Data section:
'''

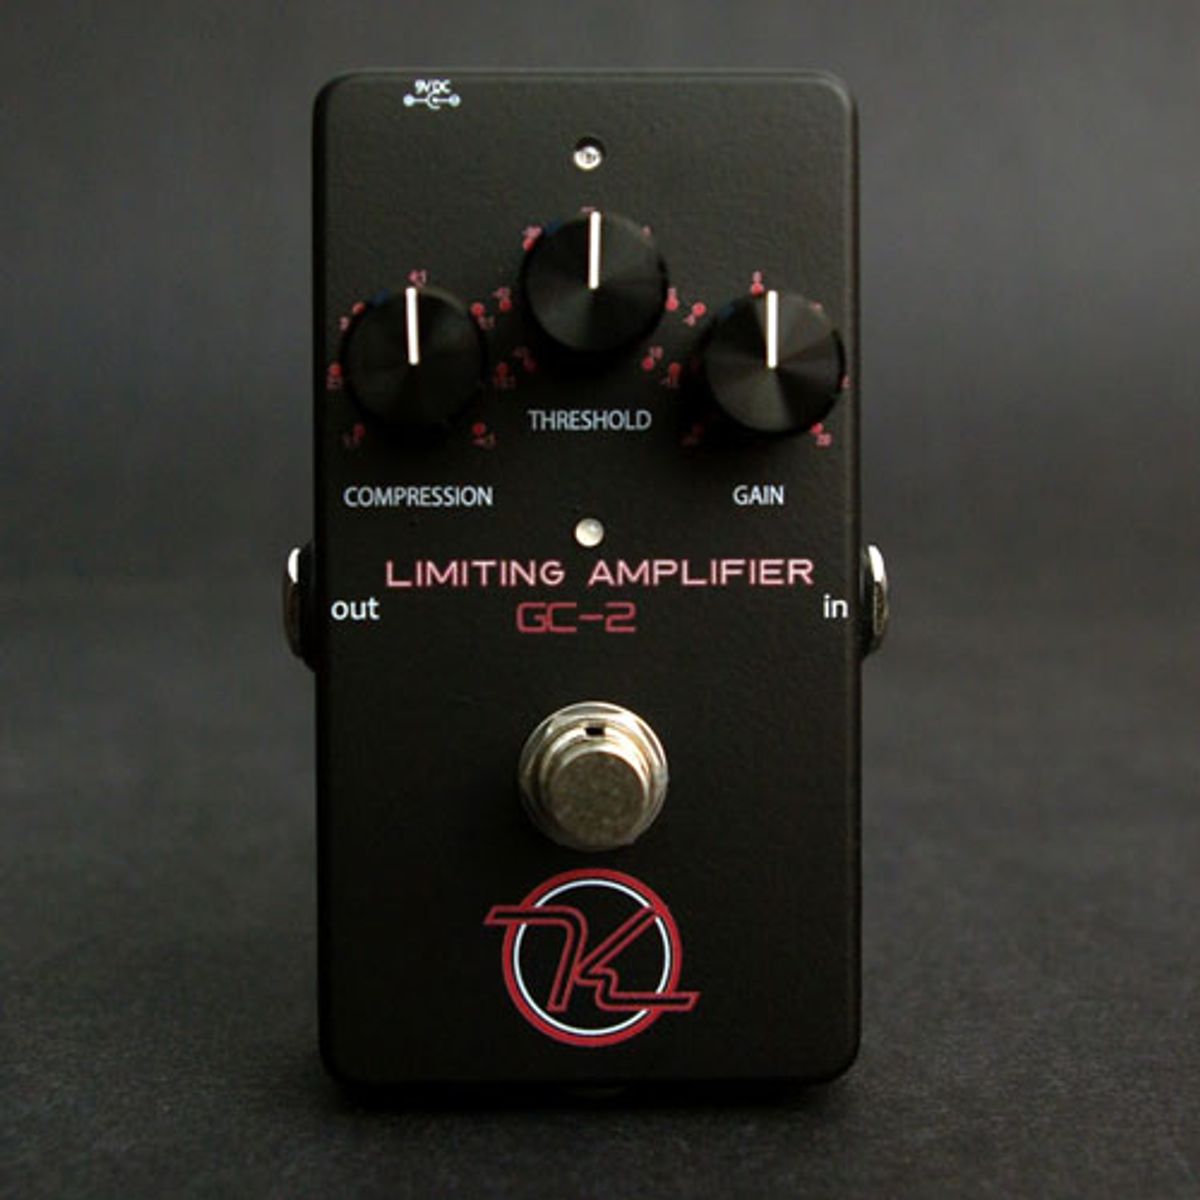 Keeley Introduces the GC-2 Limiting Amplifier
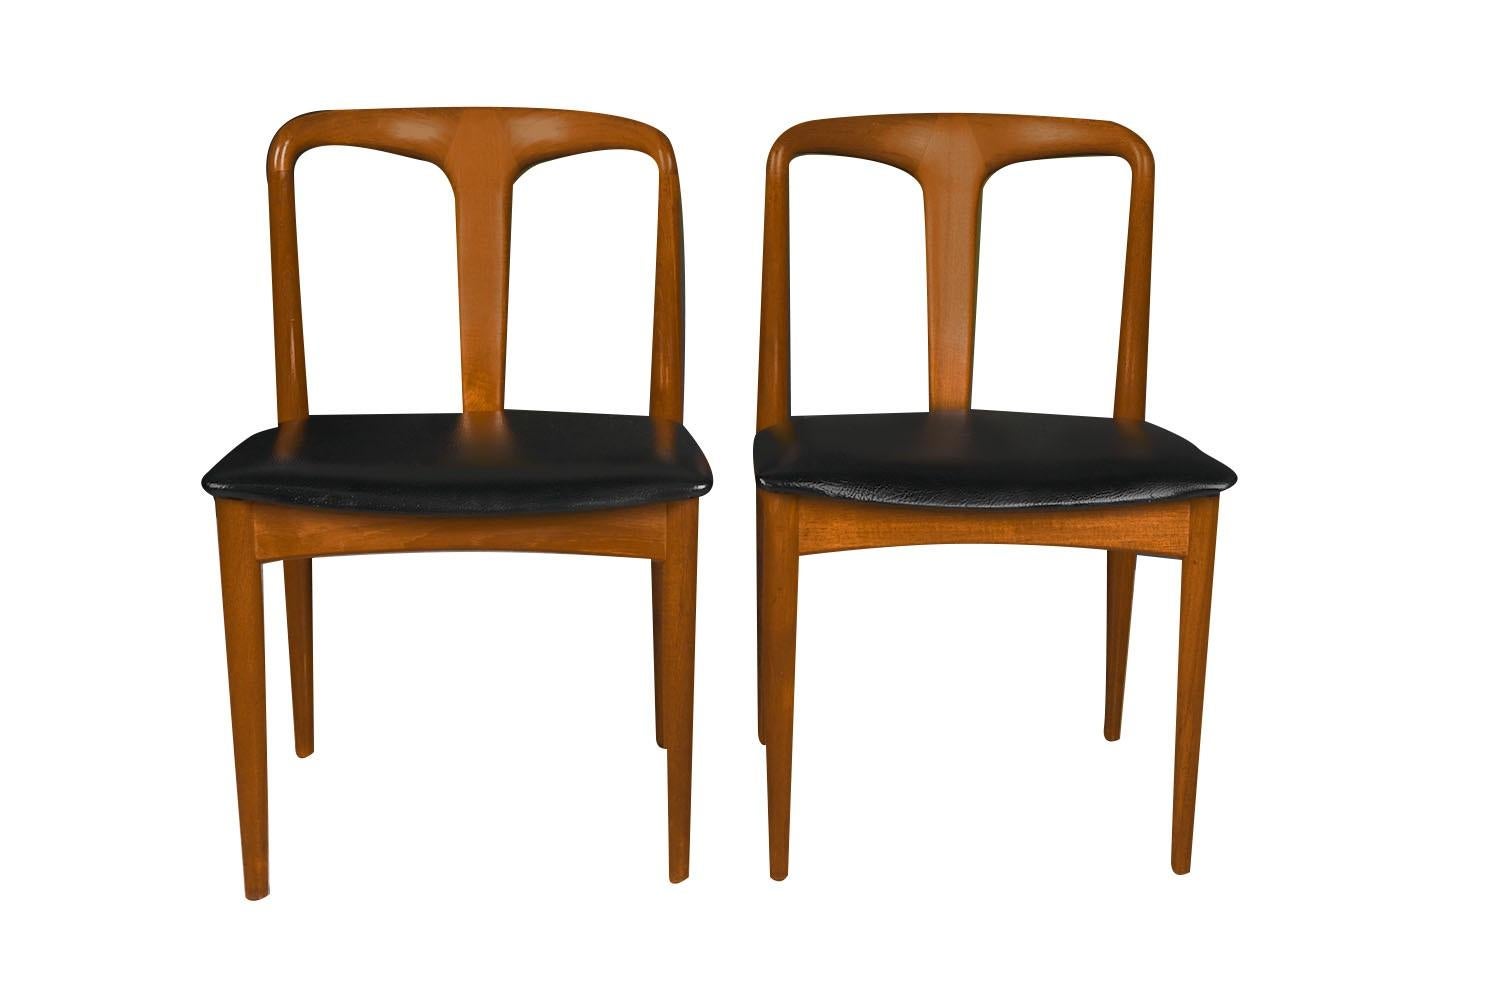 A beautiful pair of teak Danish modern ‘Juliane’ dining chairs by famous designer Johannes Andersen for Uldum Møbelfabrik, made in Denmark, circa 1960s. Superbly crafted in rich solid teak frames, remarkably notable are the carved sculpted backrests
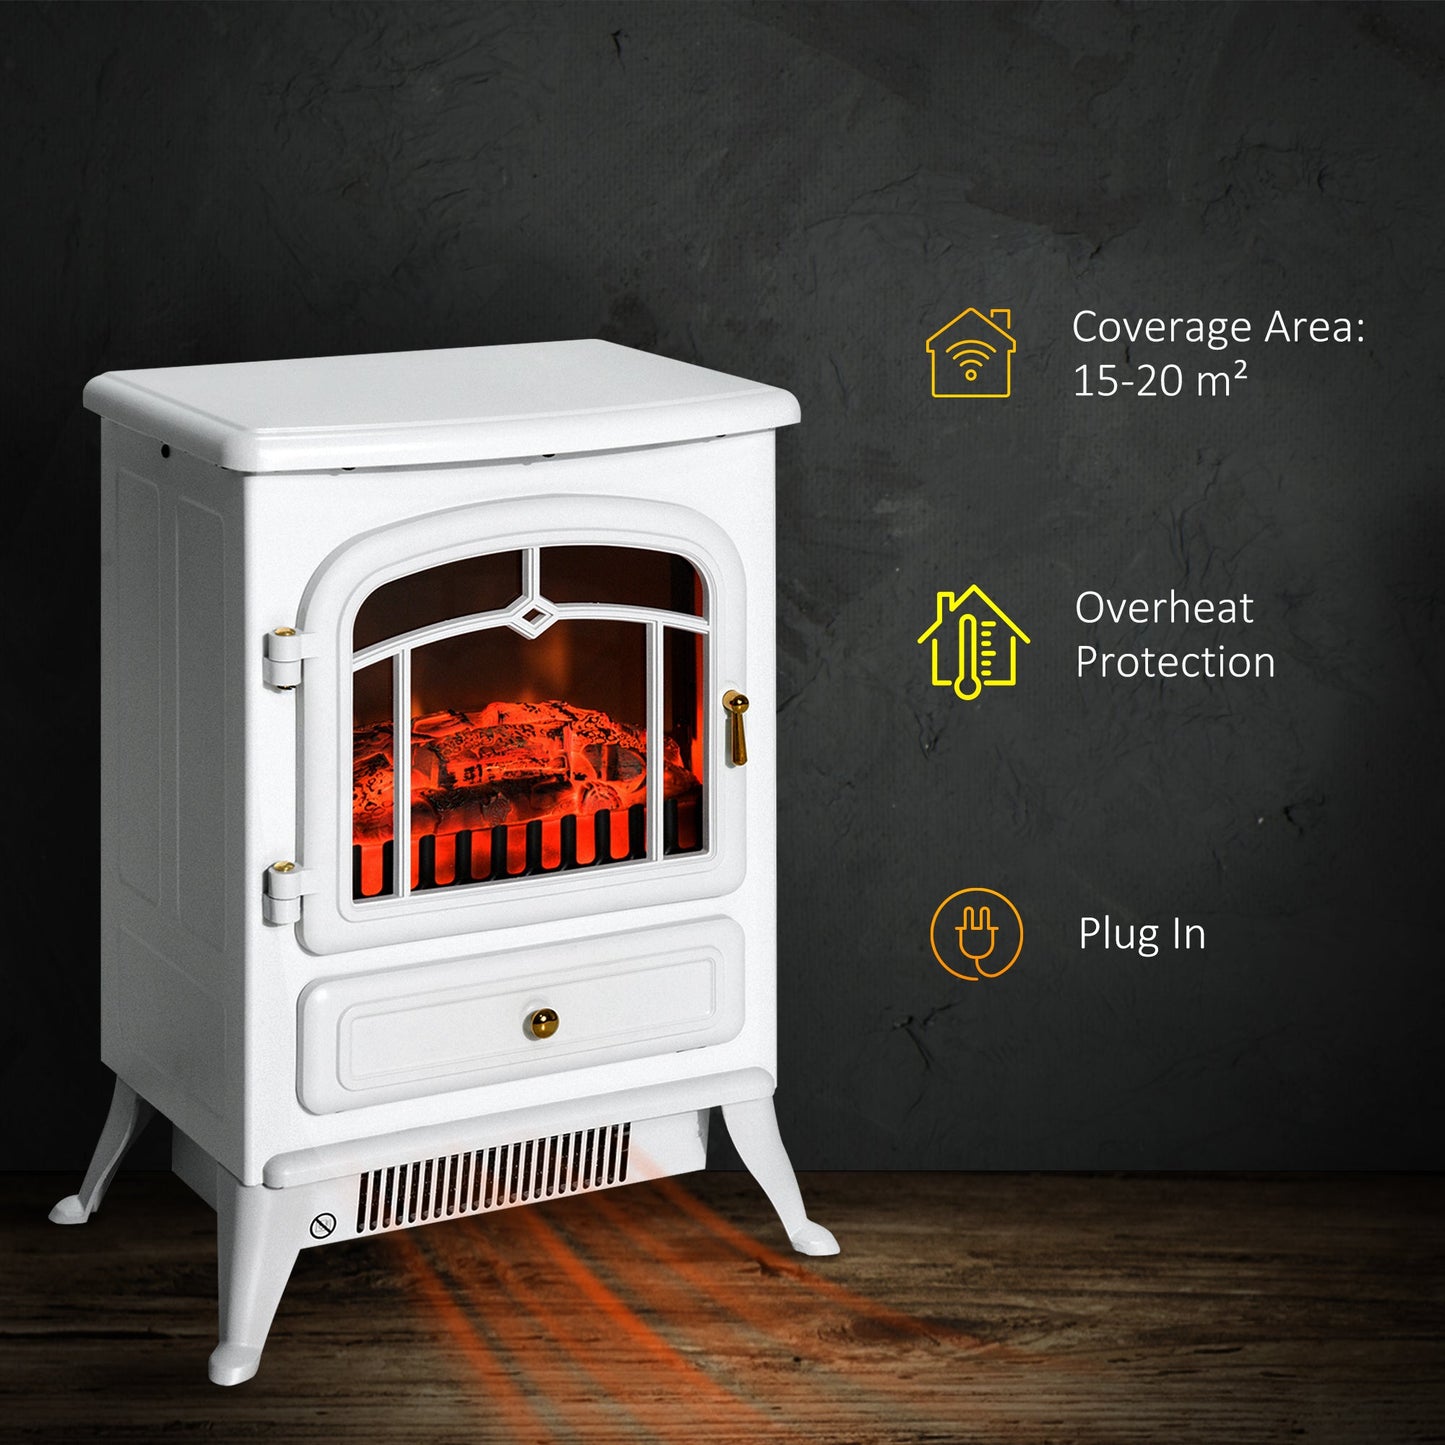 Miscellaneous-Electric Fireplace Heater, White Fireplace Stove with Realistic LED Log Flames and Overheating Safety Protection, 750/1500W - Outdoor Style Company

'''
'''

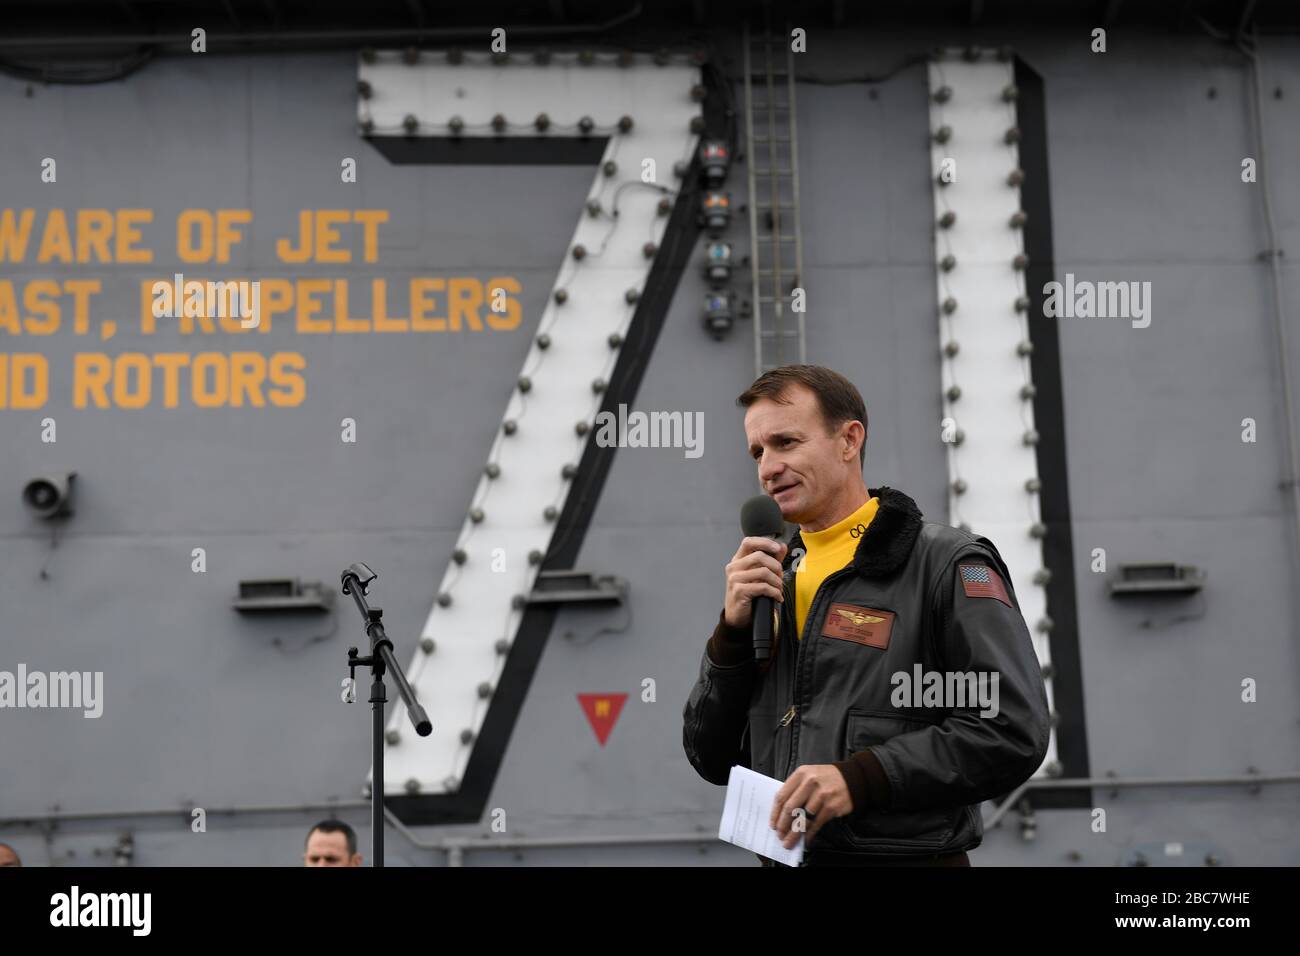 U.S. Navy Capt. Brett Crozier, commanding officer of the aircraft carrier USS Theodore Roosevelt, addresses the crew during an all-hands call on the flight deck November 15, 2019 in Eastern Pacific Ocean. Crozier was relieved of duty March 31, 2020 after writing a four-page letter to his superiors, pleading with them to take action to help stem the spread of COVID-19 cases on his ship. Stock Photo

'''
'''

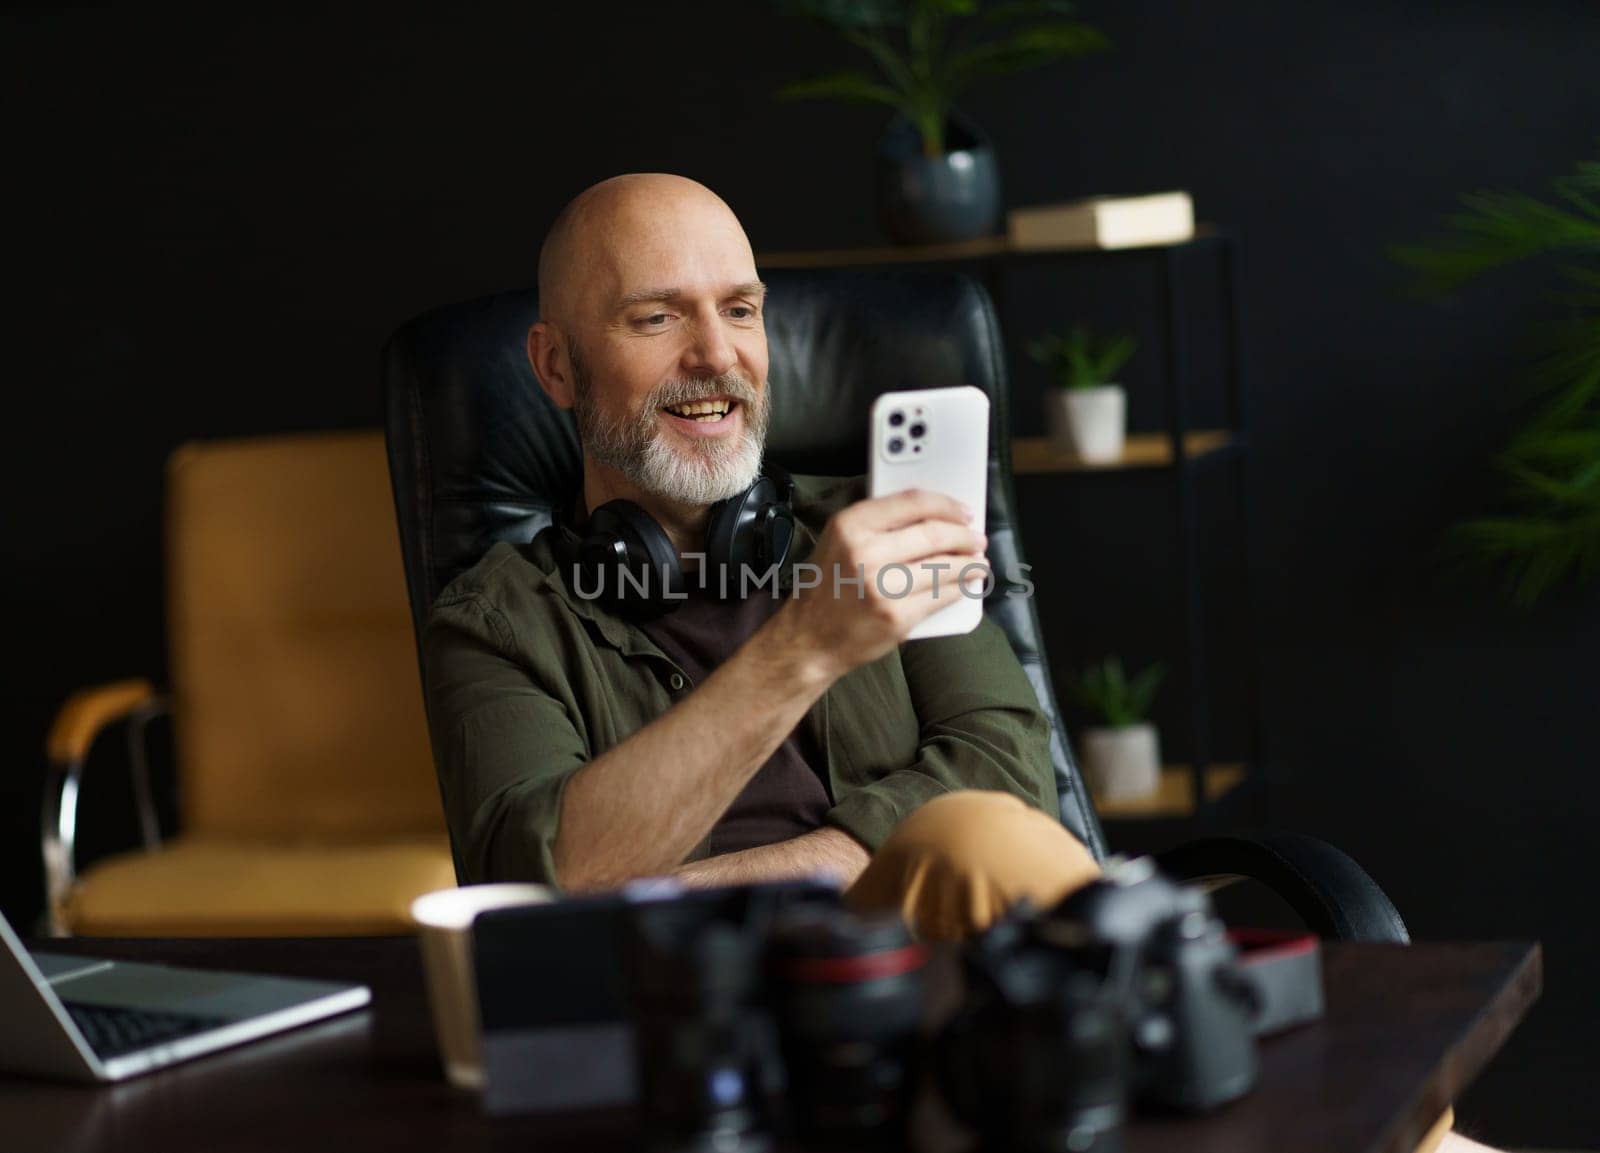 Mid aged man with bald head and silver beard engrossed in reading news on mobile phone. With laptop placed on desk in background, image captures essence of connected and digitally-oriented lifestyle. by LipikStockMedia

'''

Each line above that falls between the line with "A beautiful pair" and the line with "Miscellaneous-Electric Fireplace Heater, White" should be printed exactly, together with those two lines, but the pictures should not.

 A beautiful pair of teak Danish modern ‘Juliane’ dining chairs by famous designer Johannes Andersen for Uldum Møbelfabrik, made in Denmark, circa 1960s. Superbly crafted in rich solid teak frames, remarkably notable are the carved sculpted backrests
 Miscellaneous-Electric Fireplace Heater, White Fireplace Stove with Realistic LED Log Flames and Overheating Safety Protection, 750/1500W - Outdoor Style Company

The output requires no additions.